Sunday, June 07, 2020

Dr Richard Hayes, Vice President for Strategy at Waterford Institute of Technology.
Photo: Patrick Browne

Waterford Institute of Technology (WIT) has retained its focus on delivering a regional Technological University, irrespective of other developments in the third level sector.

Speaking to the Waterford News & Star, WIT’s Vice President for Strategy Dr Richard Hayes said that “work between WIT and IT Carlow is ongoing. We continue to be focused on it and the focus is on delivering a top quality university for the South East and I think that can get missed sometimes in the conversation around getting in an application or getting things over the line and the idea of being left behind by Cork.
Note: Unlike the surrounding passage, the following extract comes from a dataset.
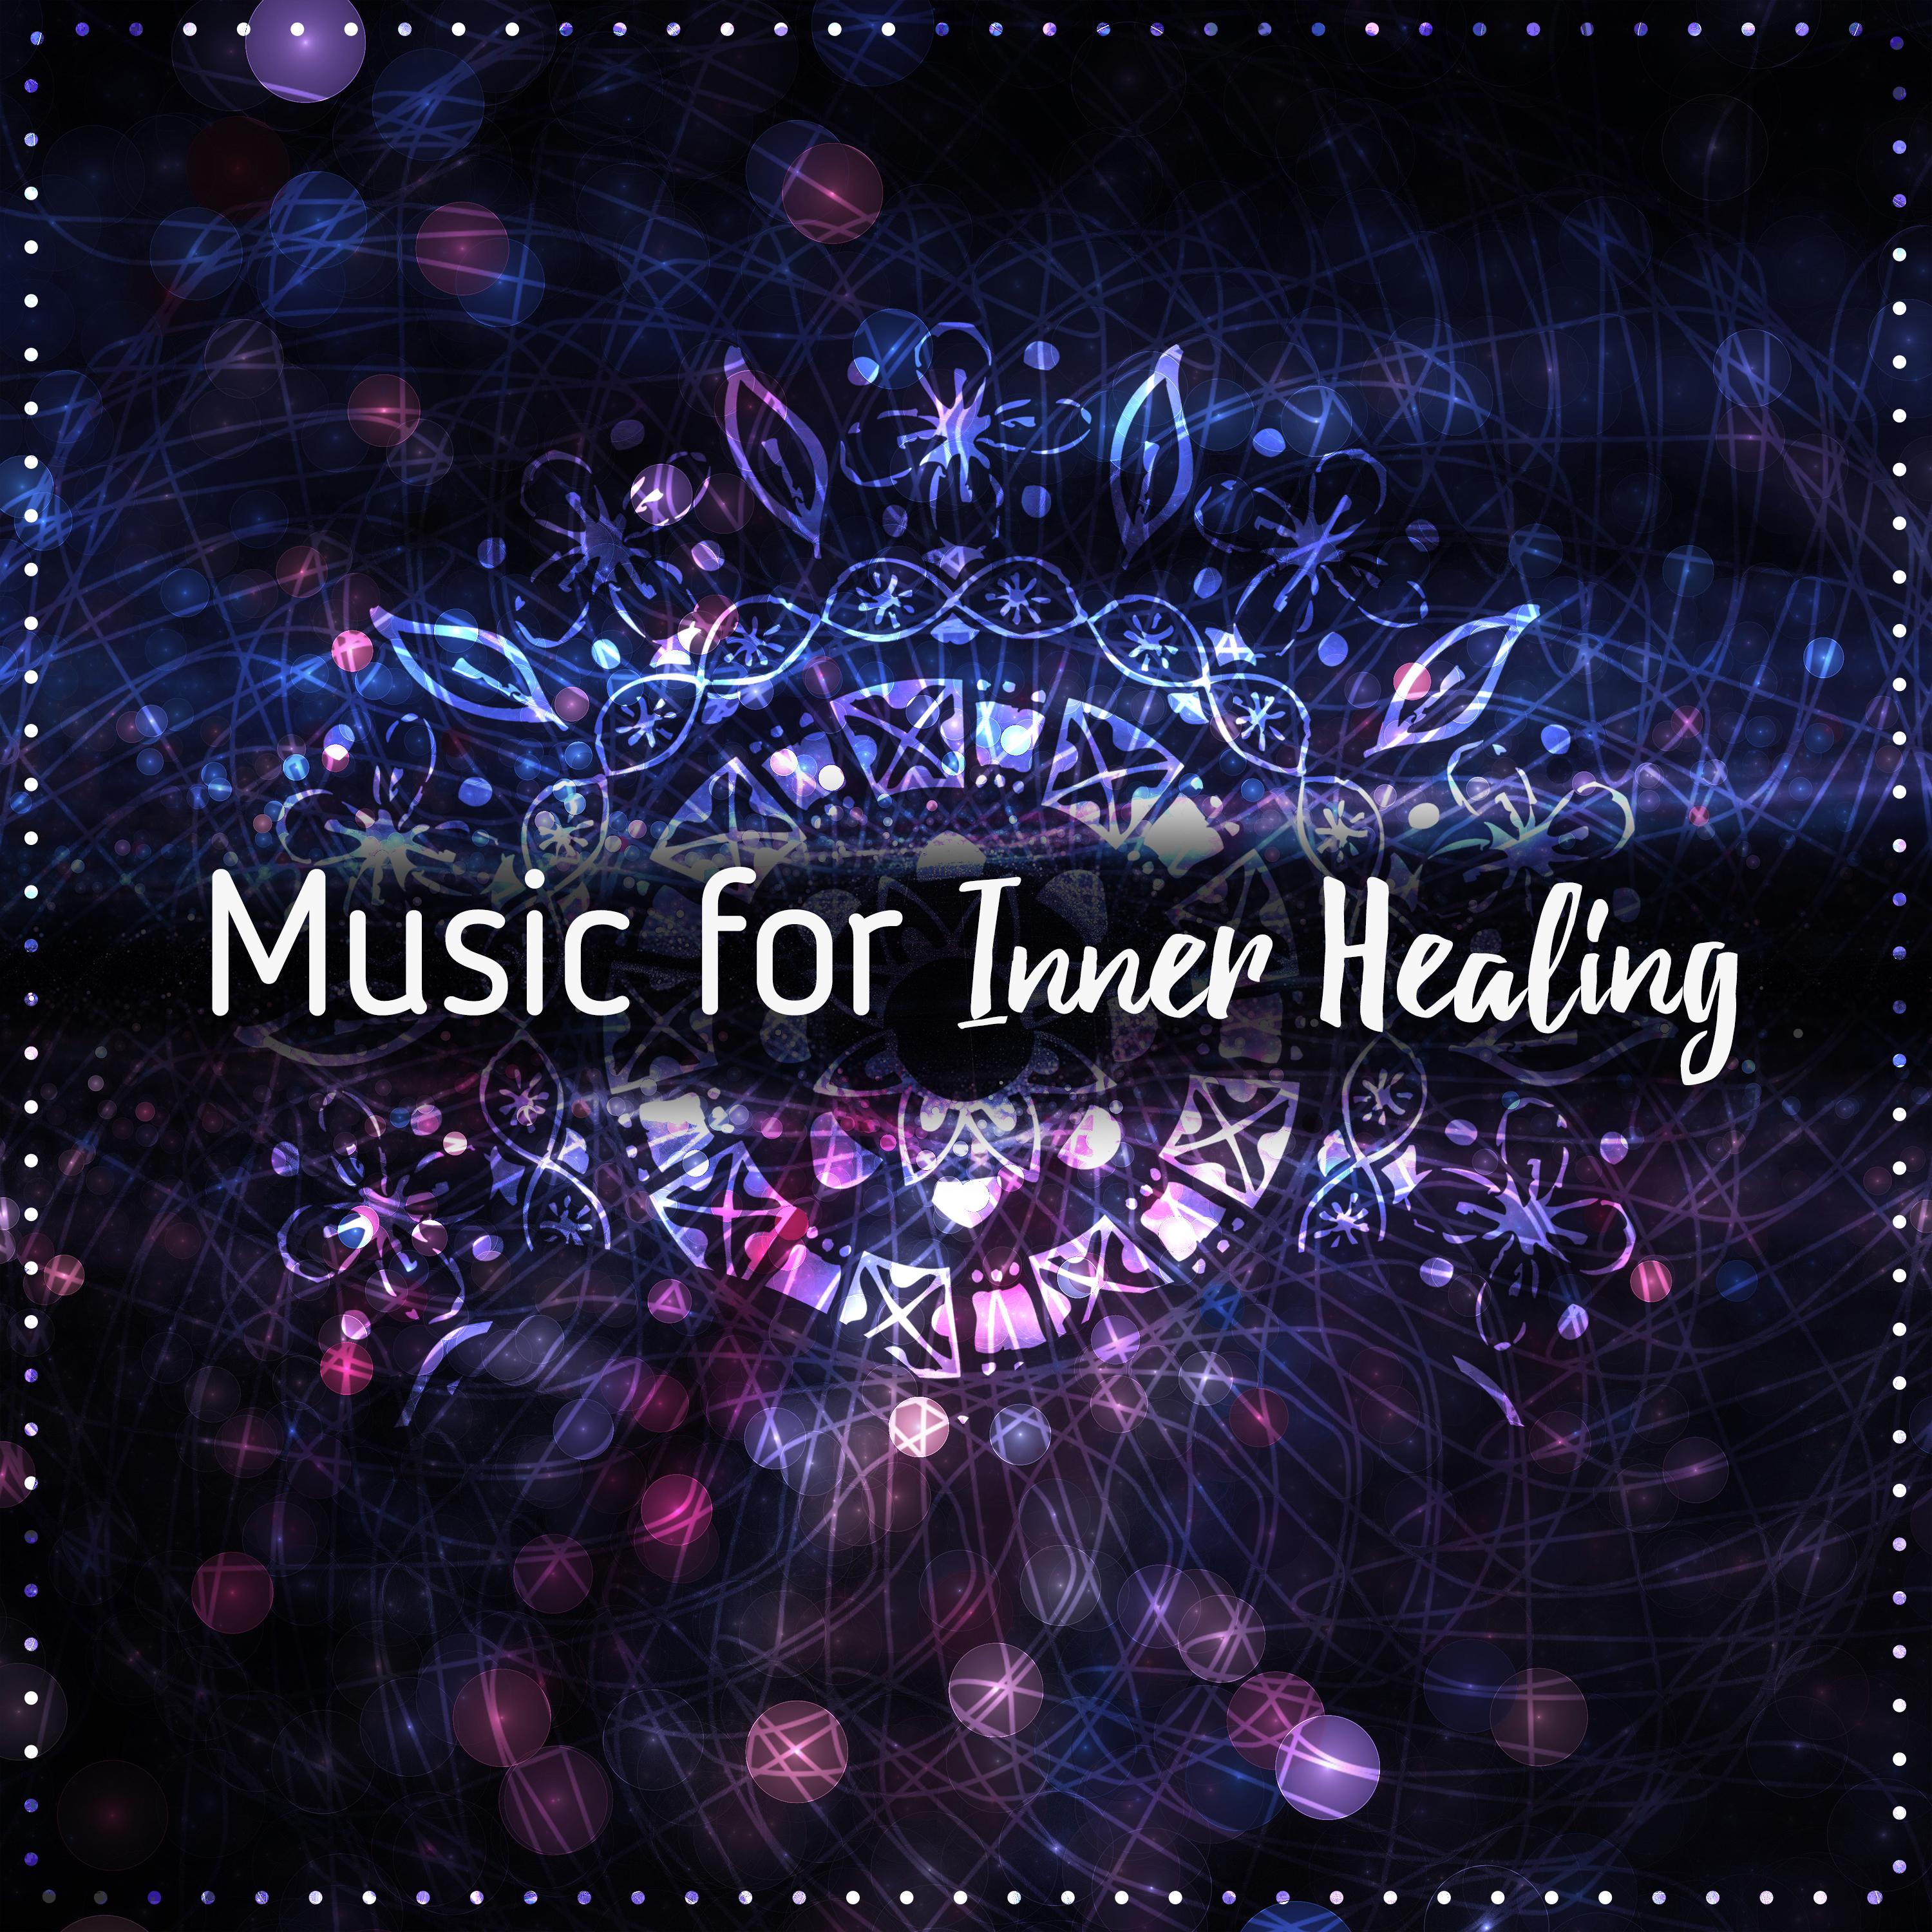 Music for Inner Healing

We have to focus on delivering a top quality university for the South East and that requires time, effort along bringing the staff along with us, which we have done at WIT up to this juncture and there’s nothing to suggest that this will regress any time soon.”

From an IT Carlow perspective, its President Dr Patricia Mulcahy told staff last week: “I can assure you that the management of both Carlow and Waterford (ITs) are further encouraged to overcome the challenges that are currently facing our South East consortium to ensure the delivery of a TU for our region…

“I am confident that with the support of the incoming Government, the Department of Education and Skills and the HEA, as well as all stakeholders within the institutes and regions, that we will be in a position to deliver a TU.”

Dr Hayes, who said that WIT will offer whatever assistance IT Carlow may opt to seek from its would-be TU partner if requested, stressed: “These things take a lot of time and a lot of working out and we’re inching forward towards resolution, we’d hope, and yes, it is frustrating that it’s taken so long but that’s how it is. And I have to re-iterate that we have to have the staff with us because they are the foundation of the new organisation.”

With the previous breakdown in communication between WIT and IT Carlow “in no way” an element in the ongoing negotiations between the two Institutes, Dr Hayes added: “The TU legislation only appeared on the horizon a couple of years ago and a lot of institutions were holding back and waited to see what the legislation was going to look like so that was certainly one reference point that people were taking in this very long journey. The other part of it too was that the Department (of Education) convened a group called TURN – the Technological University Research Network – which has since published a report and that was work which was ongoing last year, and both ourselves and Carlow contributed to that report’s development. There has been no stall in this (TU) application process, there’s been a lot going on over the last year both at national and local level.”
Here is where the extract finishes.